Until now, it's been mostly guy stuff by playwrights like Sam Shepard, Tracy Letts, Neil LaBute and Adam Rapp - kick-ass, provocative and highly theatrical plays designed to shake you up. With David's Redhaired Death now playing in its Cleveland space, the Bang and the Clatter Theatre Company makes a sharp turn toward the poetic, indwelling world of women, a world of image and insight. Director Sean McConaha strips away the props and razzle-dazzle so that two young actresses can explore love and loss unencumbered by special effects.
It's a stark production, an act of trust in the material that, in this case, goes too far. Playwright Sherry Kramer writes like Paula Vogel - long, self-indulgent, poetic monologues that need theatrical trappings to keep them moving. Kramer is, if anything, a more astute organizer of her material. The play opens with Faye Hargate as Jean explaining the title, telling us everything we need to know about the weight of death on our ability to form and sustain relationships.
Having laid out her themes in the opening of the piece, Kramer proceeds, much like minimalist composer Philip Glass, to play them with fugue-like repetition. Redhaired Jean is setting off on a road trip to meet her lover Marilyn, the magical, mythical redhead played by Katelyn R. Cornelius. Jean is traveling forward and backward in time, running up and down the scale of memory, circling toward the midnight phone call that brings the news of her brother's death - the redhaired death that happens each time she is in Marilyn's arms.

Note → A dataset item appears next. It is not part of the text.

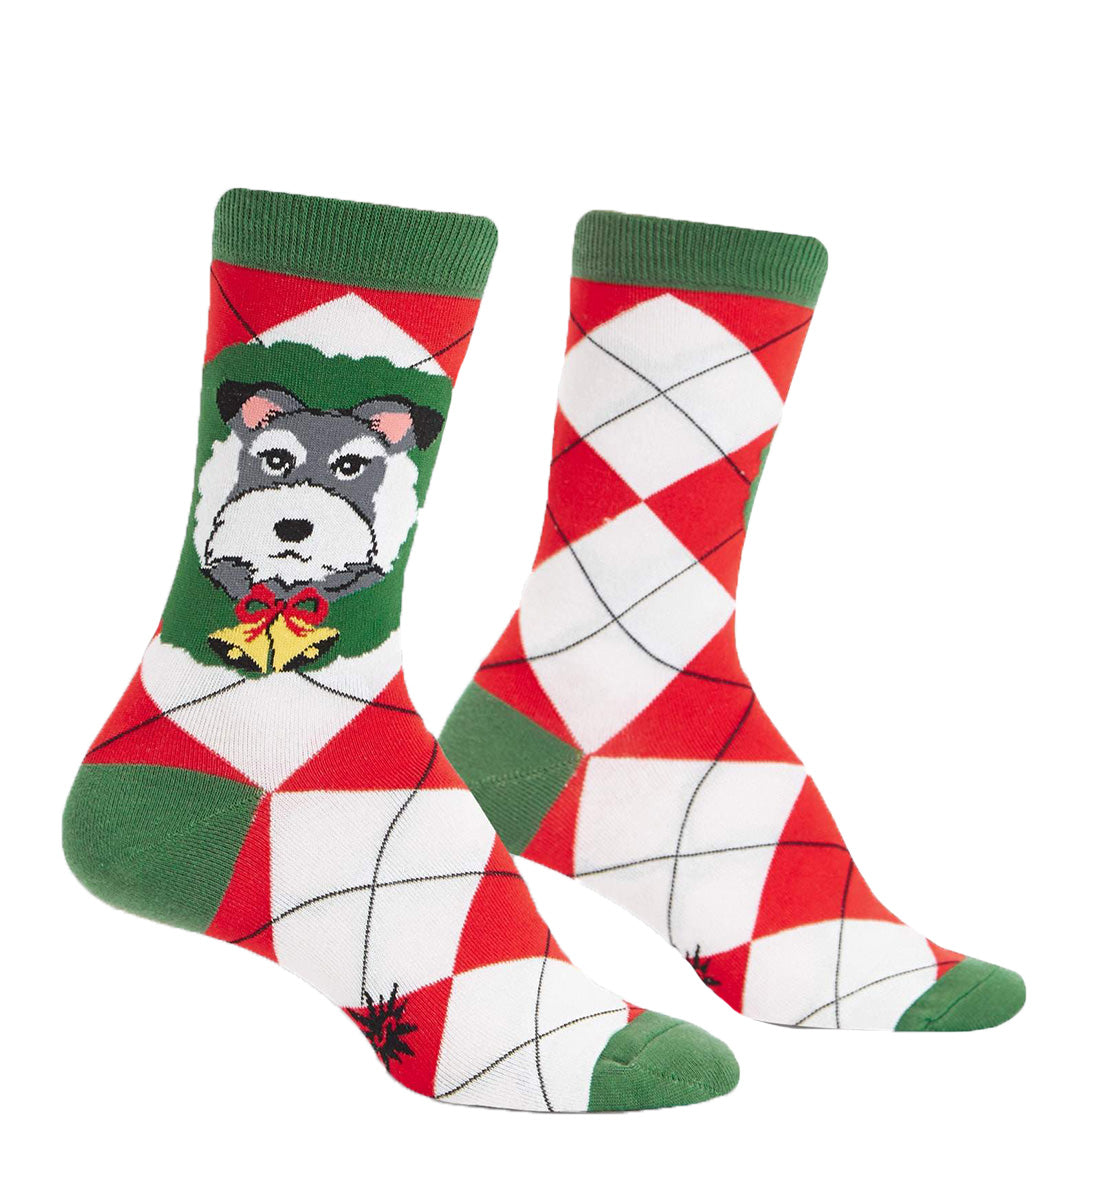 SOCK it to me Women's Crew Socks (w0223)- Deck The Paws - Deck The Paws,One Size

Hargate makes an earnest, honest Jean; Cornelius's Marilyn is a voluptuous romantic contrast. Still, David fails to achieve its full impact because it deals in generalities, waves of feeling like music meant to sweep us away, and avoids the specifics of character and action at the heart of all good theater. What it does give us, when it is not mourning the loss of the unknown brother, is a playful glimpse into the world of girlfriend love. There's a bed center stage, and the two girls spend plenty of time either in it or circling around it. But this isn't necessarily about the L word. The two girls dream of being friends for life, pushing each other's prams and playing auntie to each other's children. But for now, they share a special redhaired insight. "No one could look at us," Jean explains, "the way we looked at each other."
Meanwhile, at BNC's new Akron location (at 29 N. Main Street), Sean Derry and Stephen Skiles give the performance of a lifetime in Neil LaBute's In a Dark Dark House. LaBute is known for his theatrical tricks, the way that he sets up the audience emotionally and then delivers a cynical sucker punch. The punch is still there, but in House, the characters earn their reversals and the impact is an electrifying modern-day catharsis. Young Erika Rylow also delivers a fine performance, although the play belongs, like all LaBute's work, to the men.
In a Dark Dark House plays through December 20. The box-office number is the same for both theaters.